Delaware County facilities director Jon Melvin on Jan. 14 told the county commissioners completion of the campus is expected in 2022.

Council on Jan. 11 read ordinances that would add a planned mixed-use overlay allowing residential use, grant a conditional-use permit and approve a preliminary development plan.

Approval will require a third reading at a future meeting.

 The project also was the topic of a Jan. 11 public hearing, when one neighbor voiced objections to council during the meeting that was livestreamed on Facebook. Two others echoed his objections via email. 

Delaware resident Nancy Russell said although neighbors like elements of Homeport's proposal, "we don't want our property values to go down."

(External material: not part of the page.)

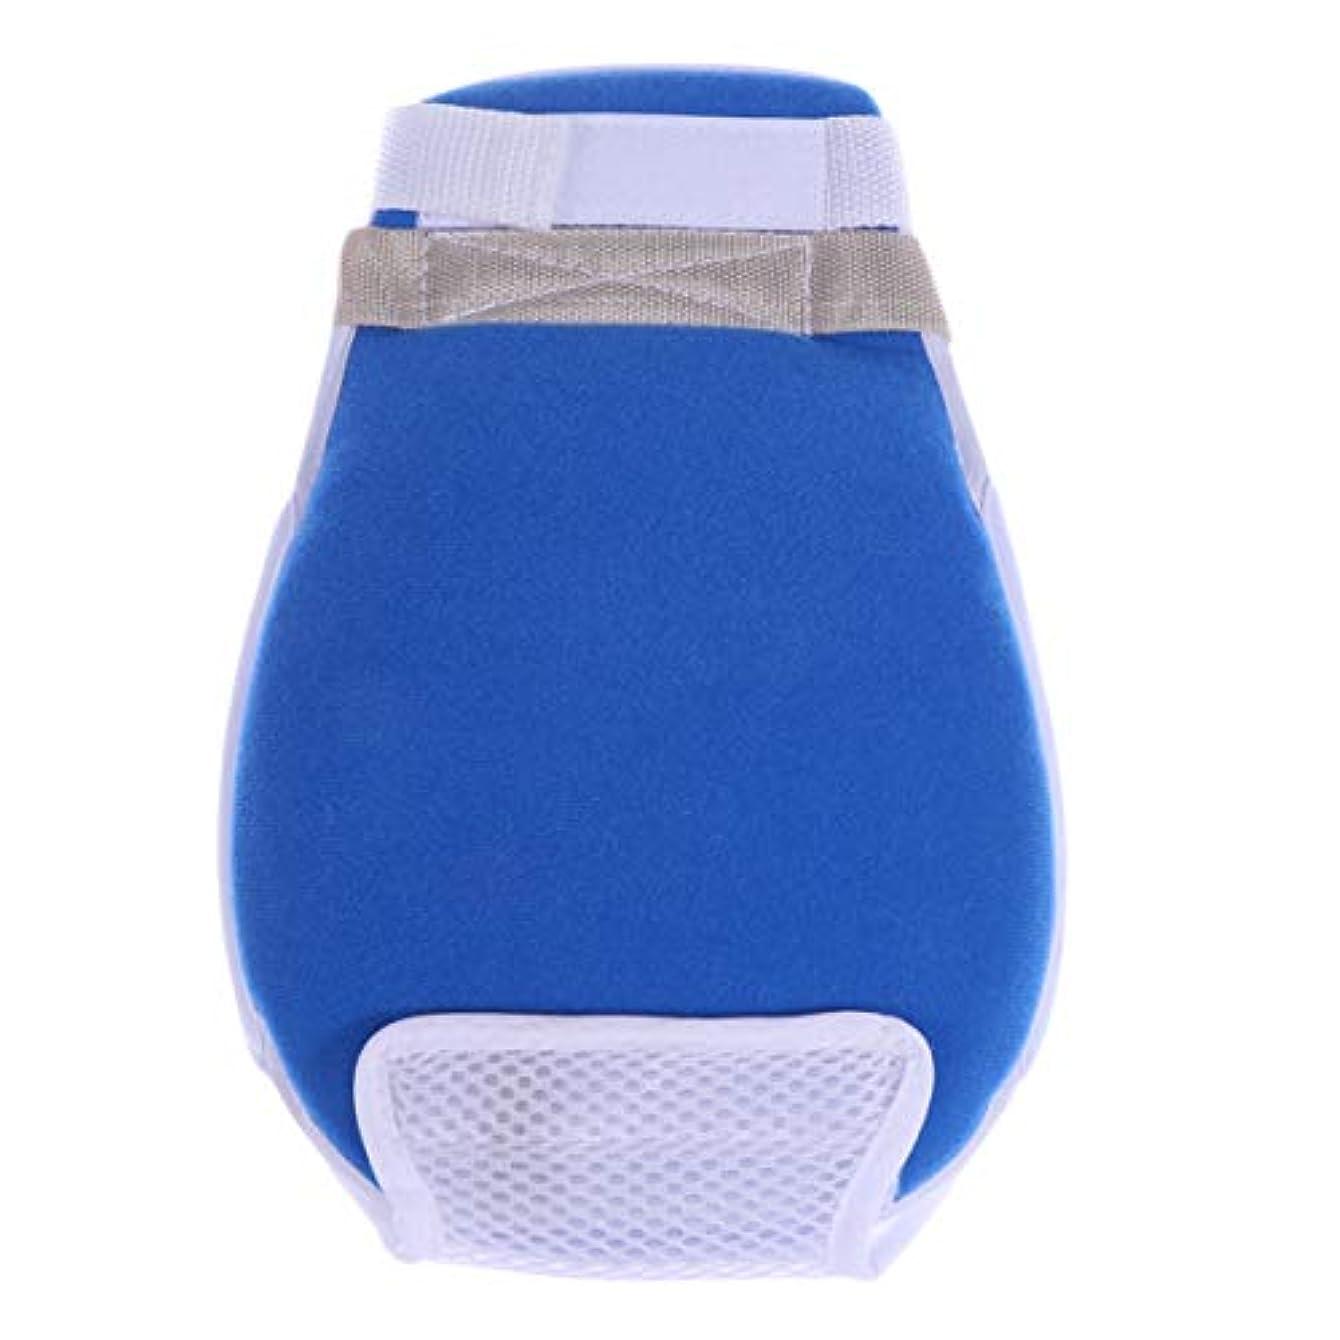 立法ブラウズスリップシューズHealifty 医療用手袋傷防止抗引っ張り保護手袋患者の年配の女性男性用の手結束バンド1個(青)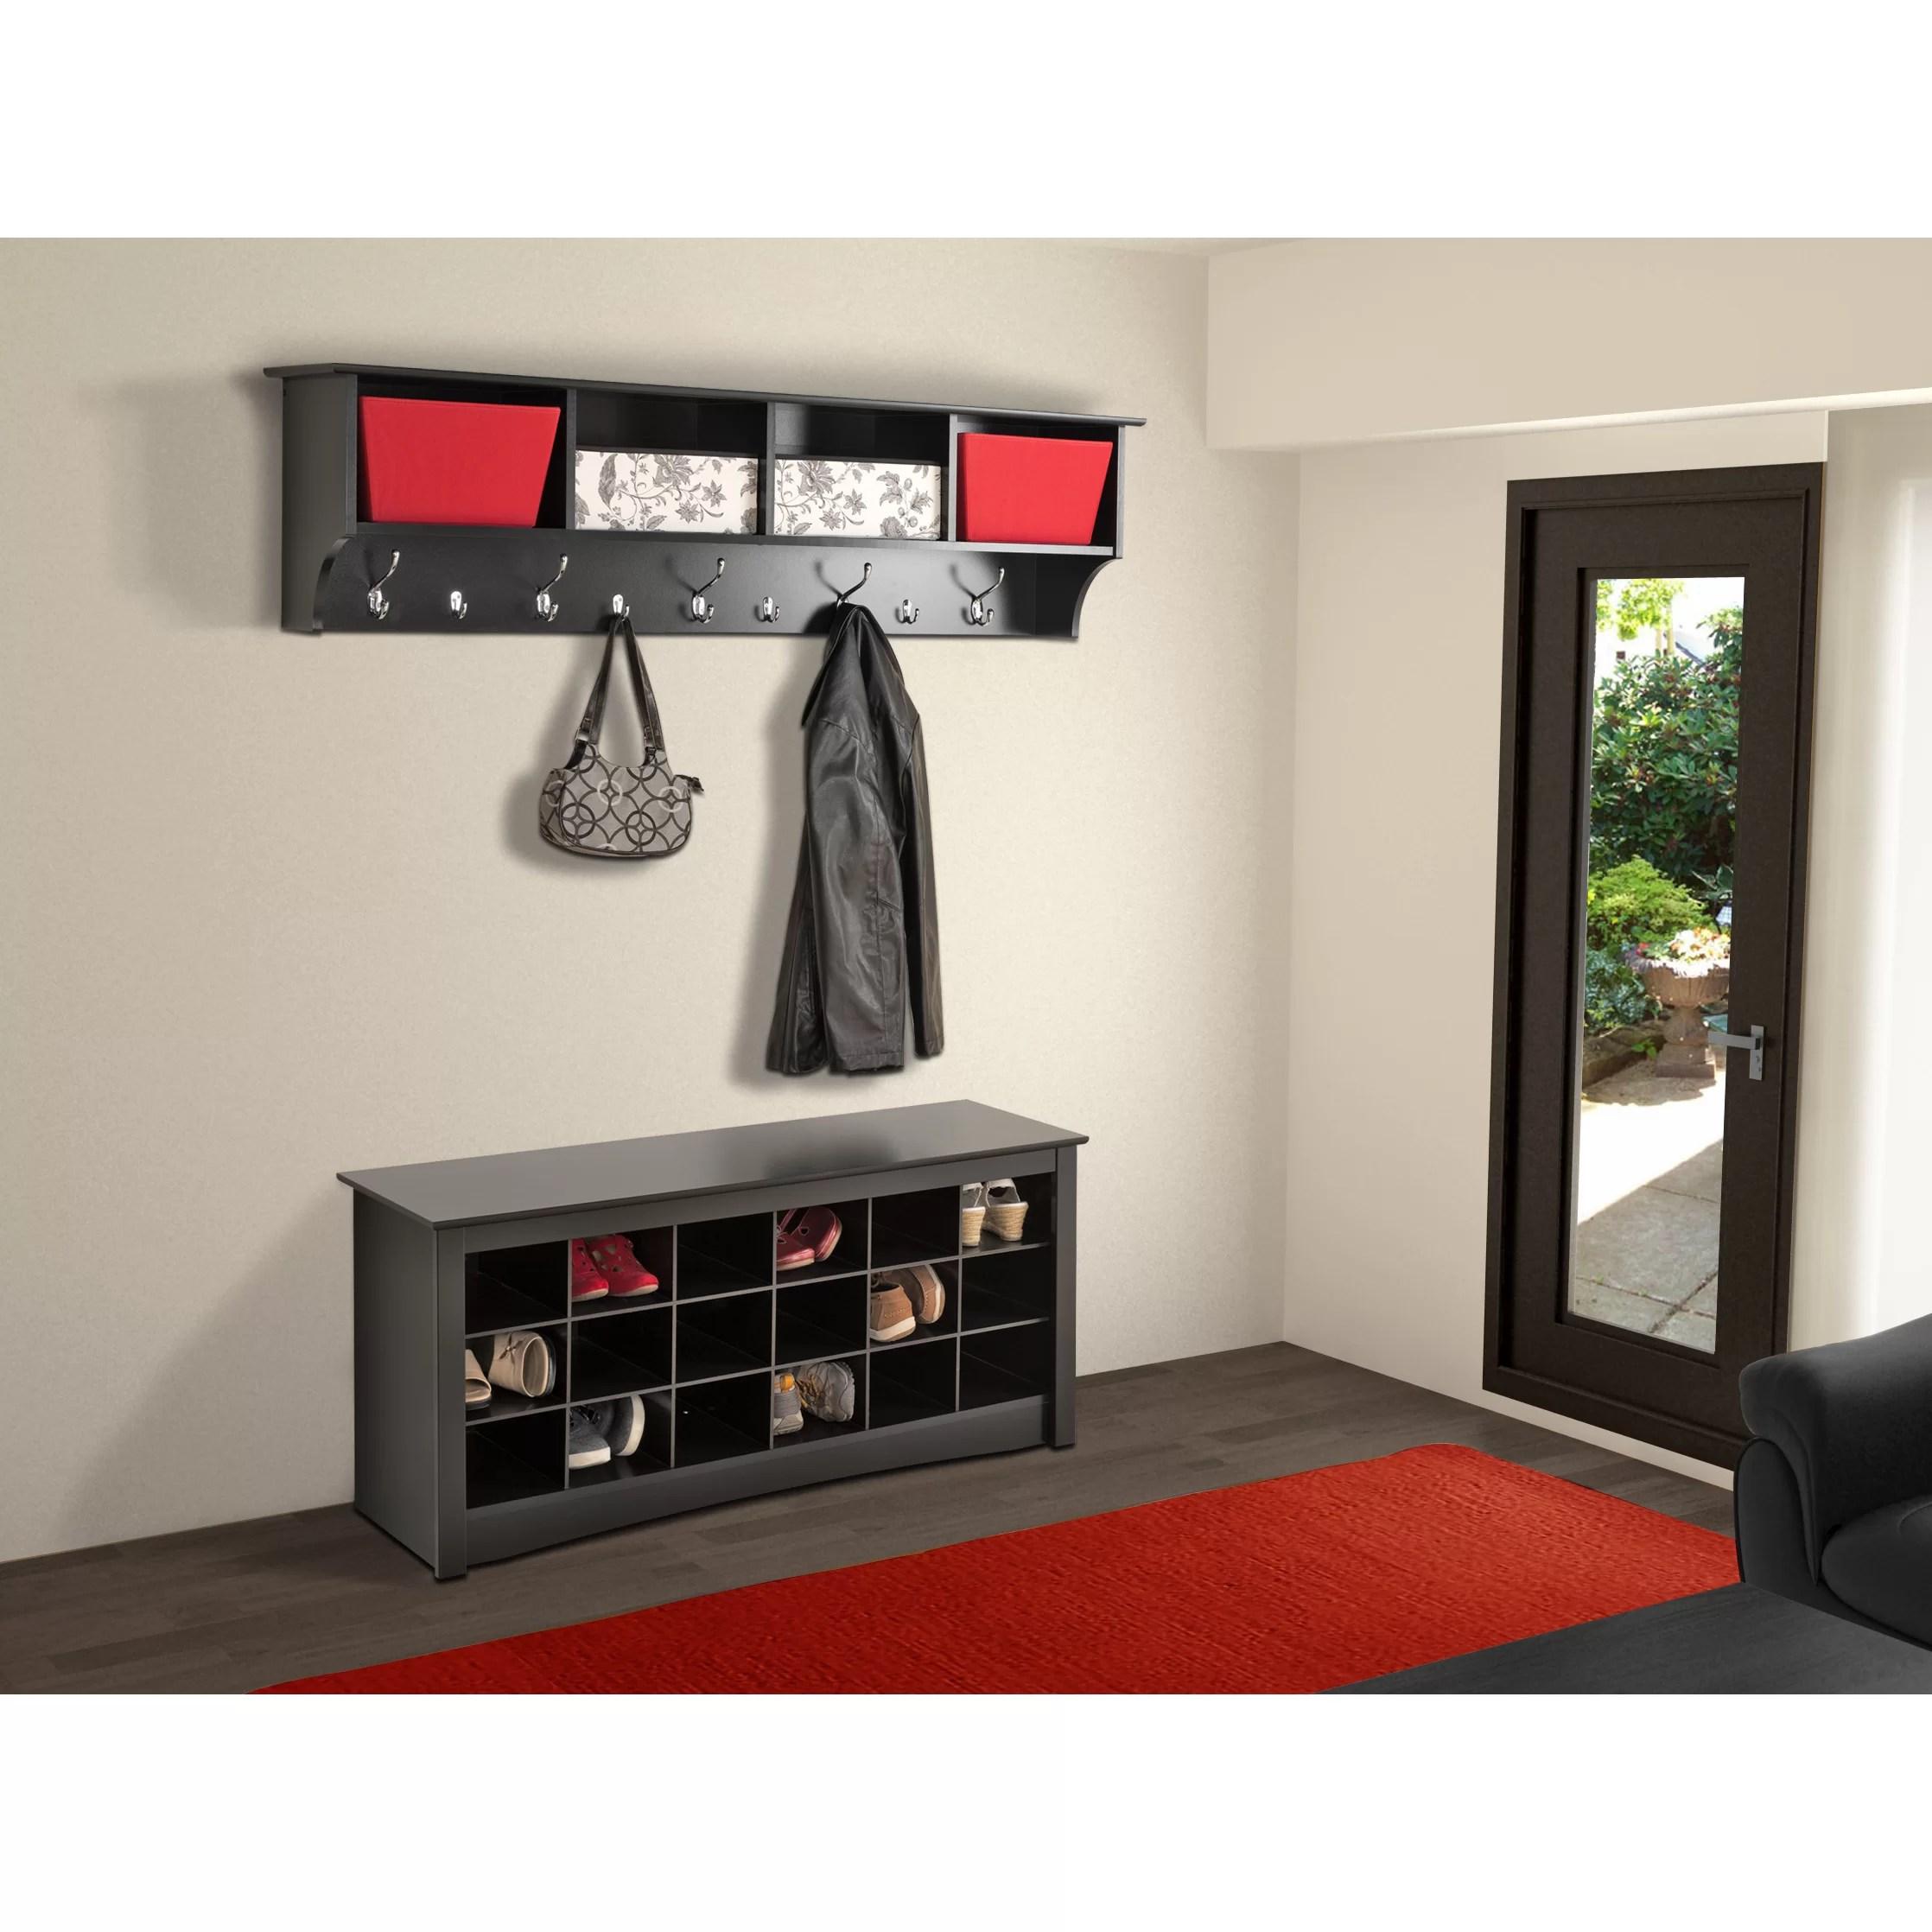 Zipcodetm Design Mackenzie 60quot Hanging Entryway 9 Hook

Increased traffic and speeding motorists also are of concern, she said, asking if an electric display showing motorists their speed could be placed in the area.

Although Homeport's plan doesn't require a traffic-impact study under the city's engineering guidelines, City Manager Tom Homan told Russell the city's public-works department still could do a traffic analysis for Channing Street. 

Council member Drew Farrell said he has talked to the Homeport site's neighbors, with some voicing concerns about crime, traffic and maintaining the character of the neighborhood.

Comek said Homeport held a Zoom meeting with neighbors who had voiced similar concerns.

Efland said the city worked with Roy Lowenstein, now a Homeport project developer, when he was with another company that developed Arthur Place off South Houk Road, "which I think has been very successful."